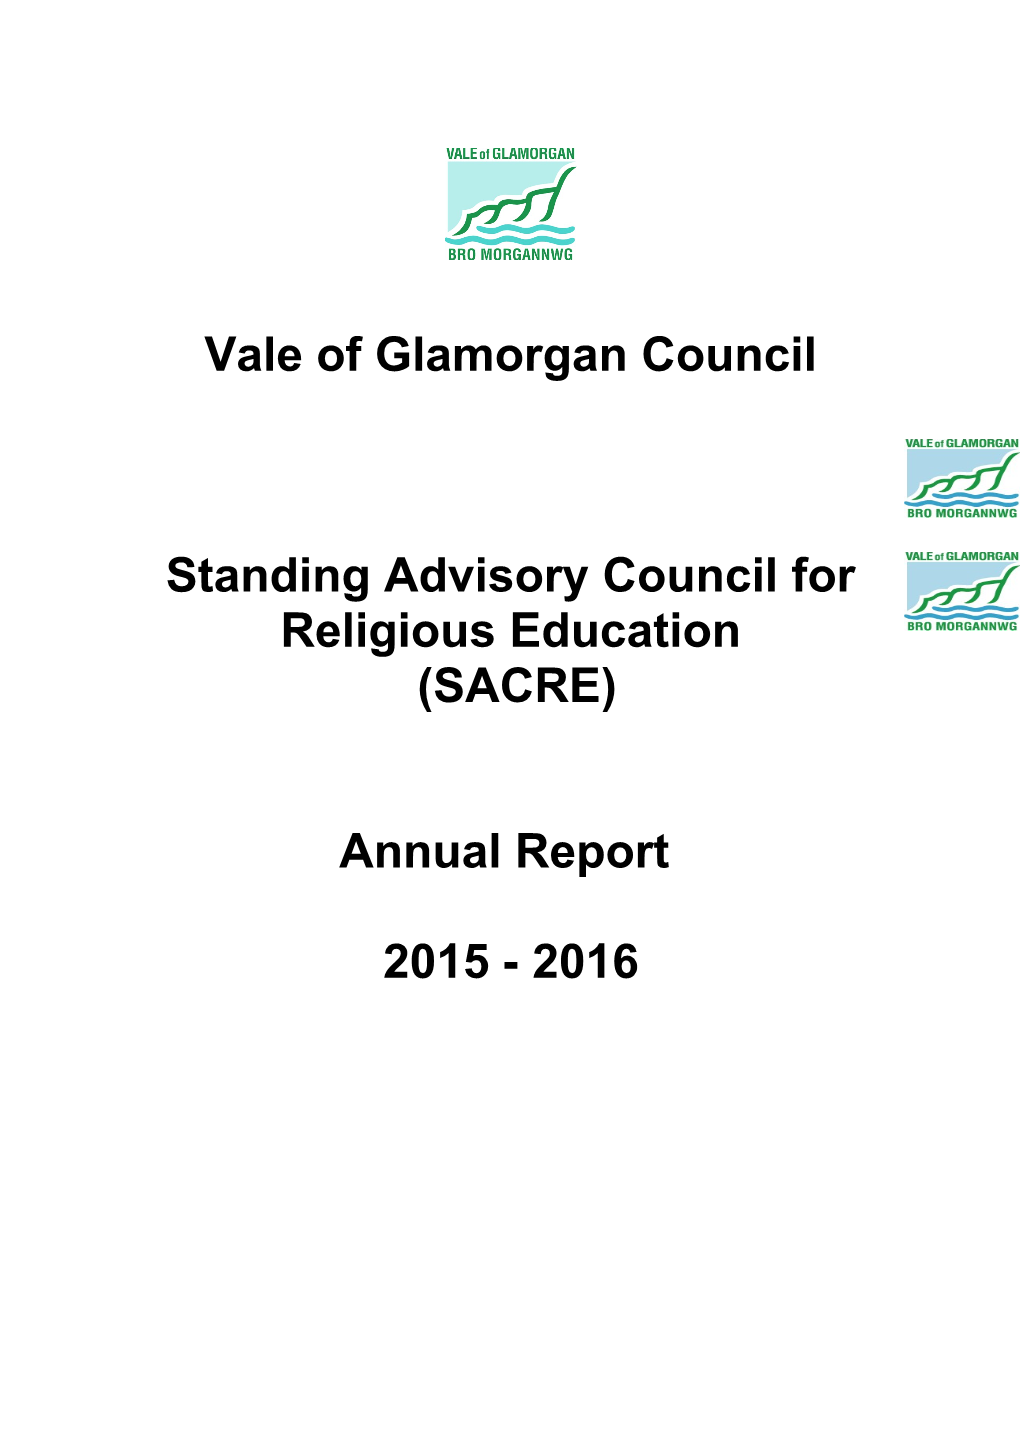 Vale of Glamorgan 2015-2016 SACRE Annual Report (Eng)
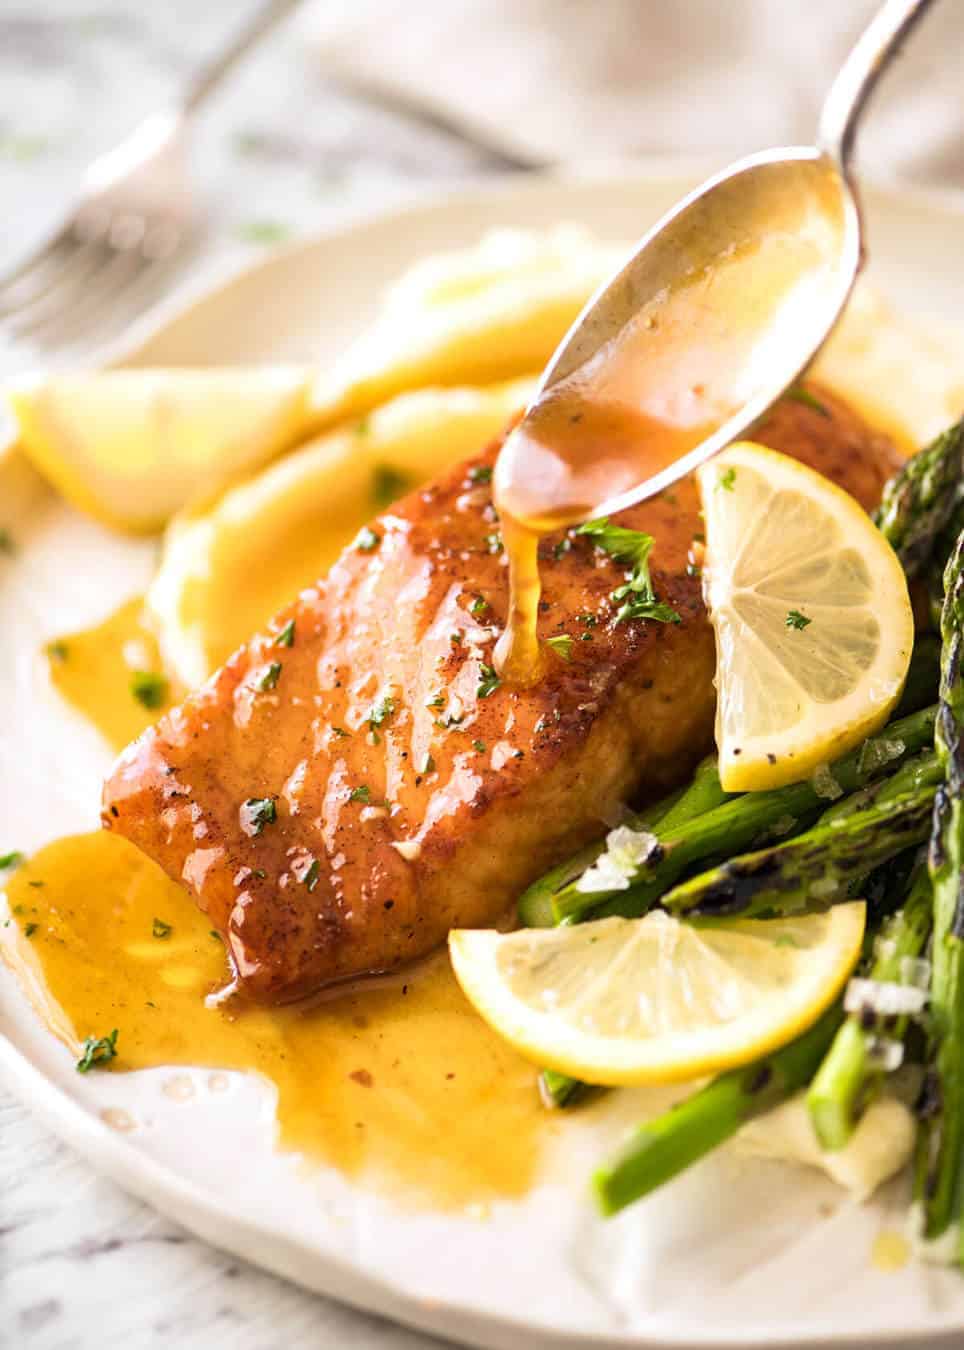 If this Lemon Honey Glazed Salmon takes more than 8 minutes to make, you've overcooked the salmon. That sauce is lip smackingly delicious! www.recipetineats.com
==
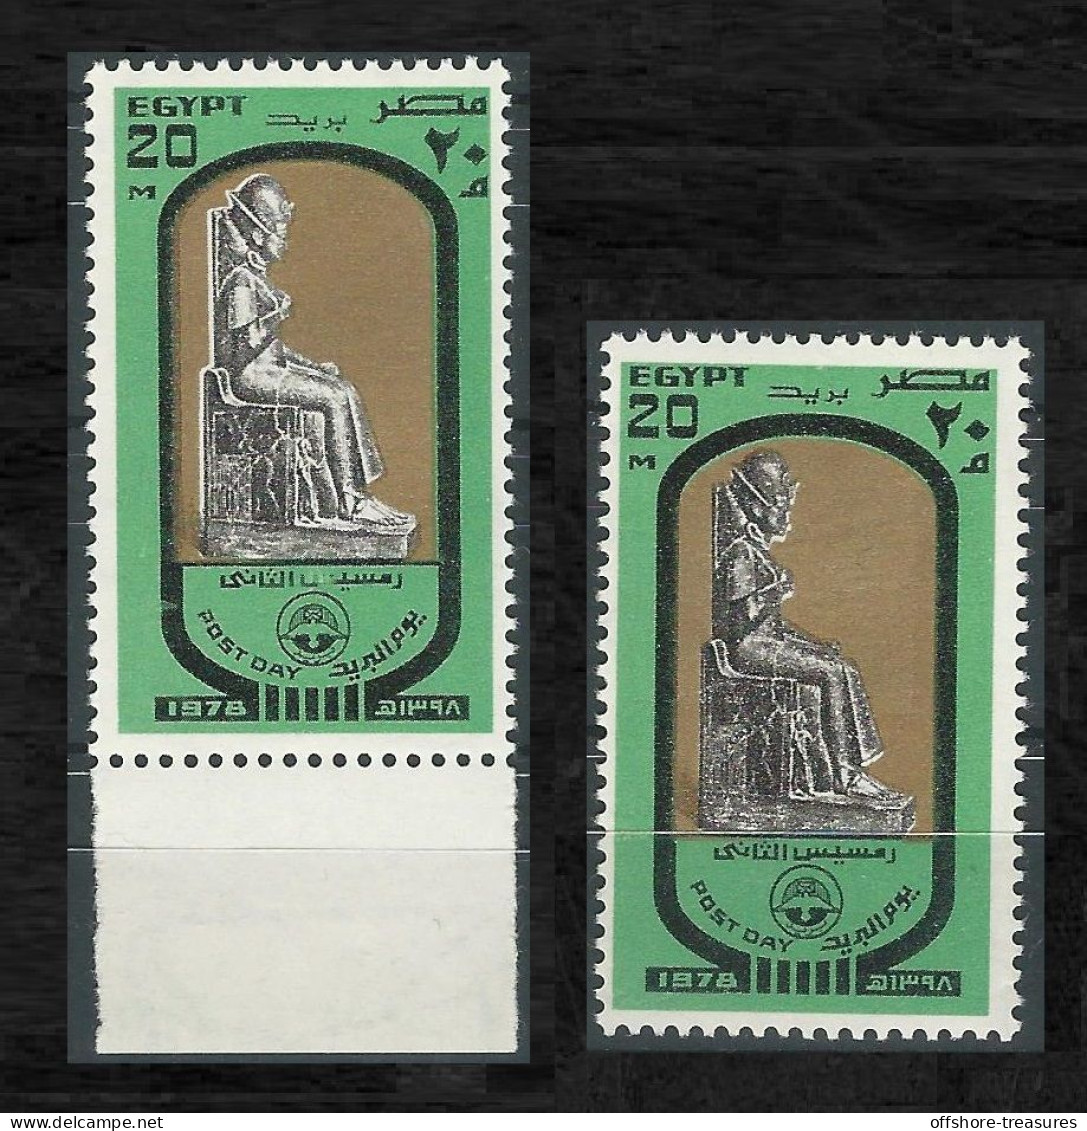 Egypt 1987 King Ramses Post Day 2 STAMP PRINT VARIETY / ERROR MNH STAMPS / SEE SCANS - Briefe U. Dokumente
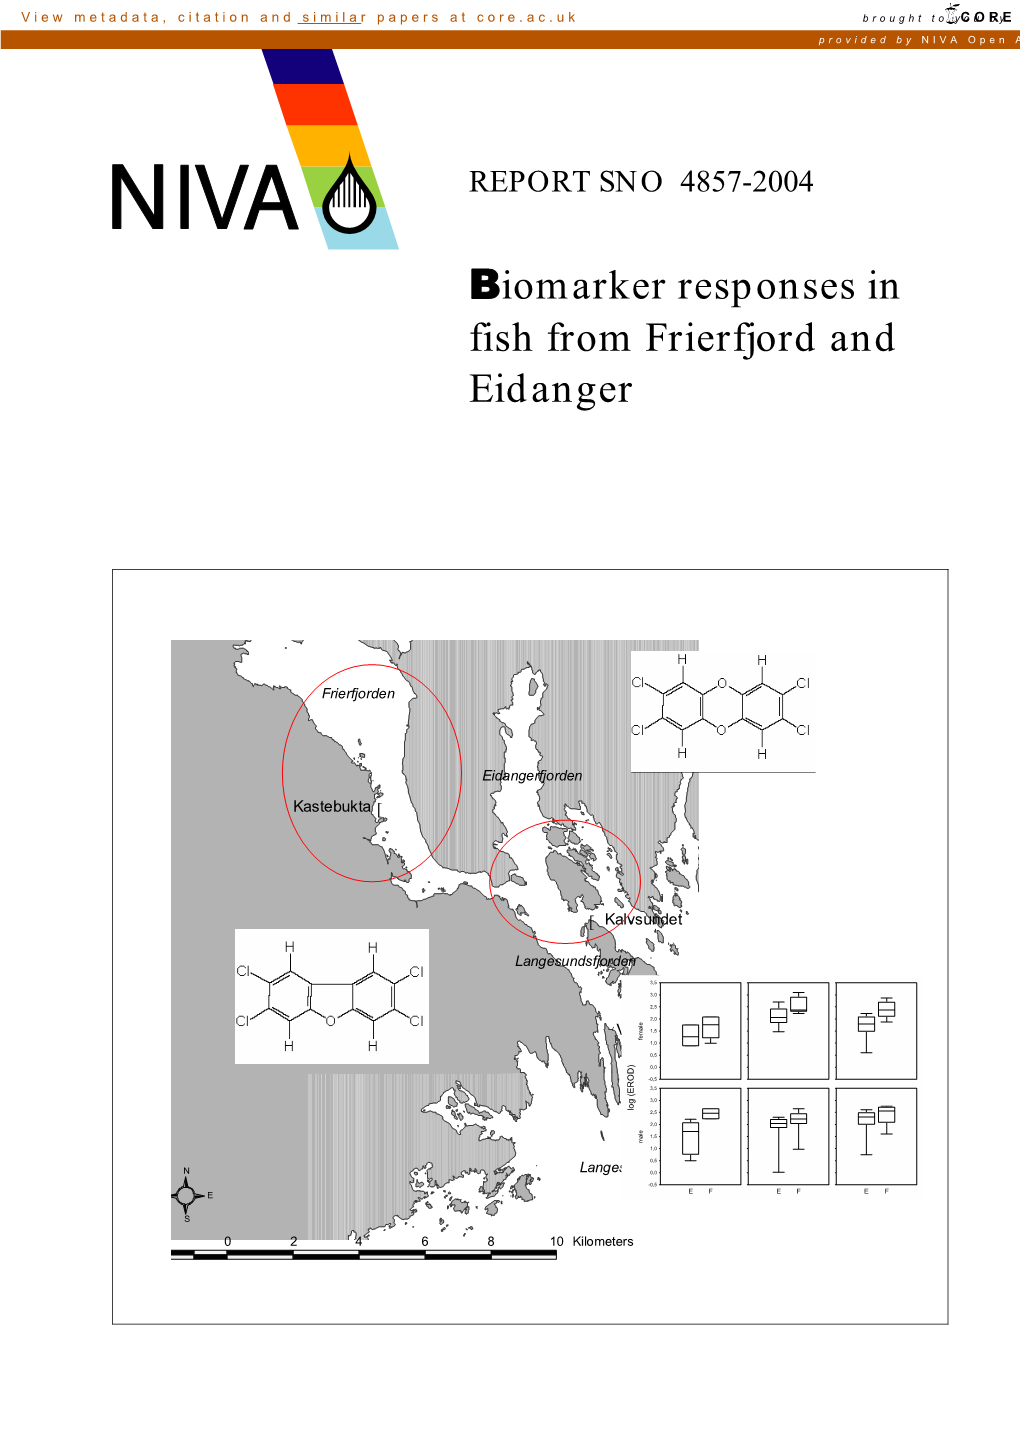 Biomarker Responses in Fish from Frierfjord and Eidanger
---
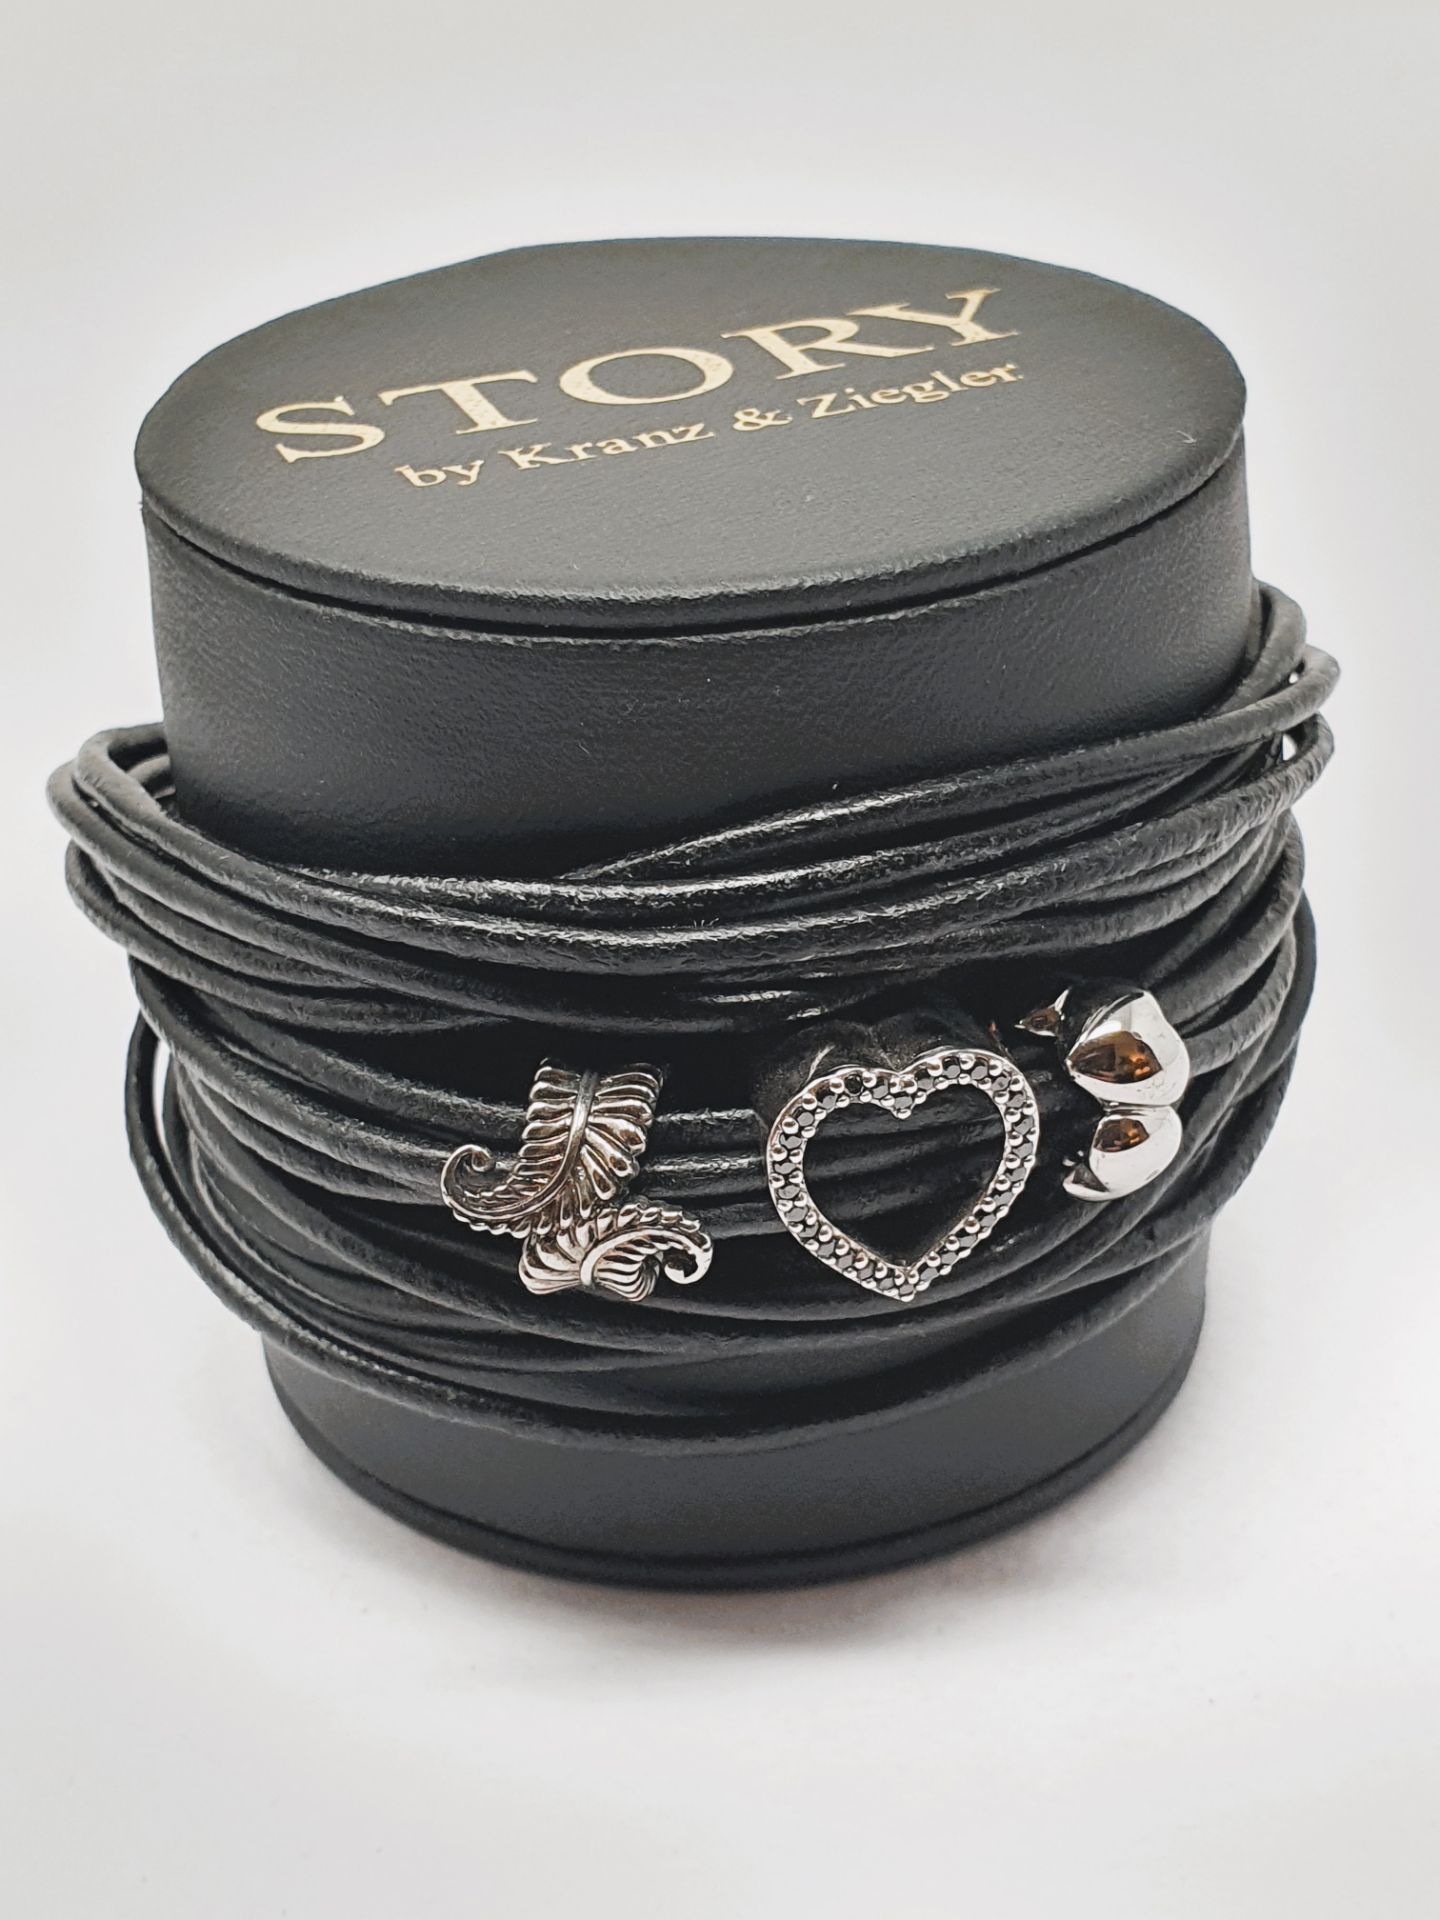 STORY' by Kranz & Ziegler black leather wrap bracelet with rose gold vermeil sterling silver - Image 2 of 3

* _REQUIREMENT_: Copy out the listing above from the line containing "Egypt 1987 King" to the line containing "Biomarker Responses in", both included, exactly as written and minus the images.

* _ANSWER SPACE_:
 Egypt 1987 King Ramses Post Day 2 STAMP PRINT VARIETY / ERROR MNH STAMPS / SEE SCANS - Briefe U. Dokumente
 Biomarker Responses in Fish from Frierfjord and Eidanger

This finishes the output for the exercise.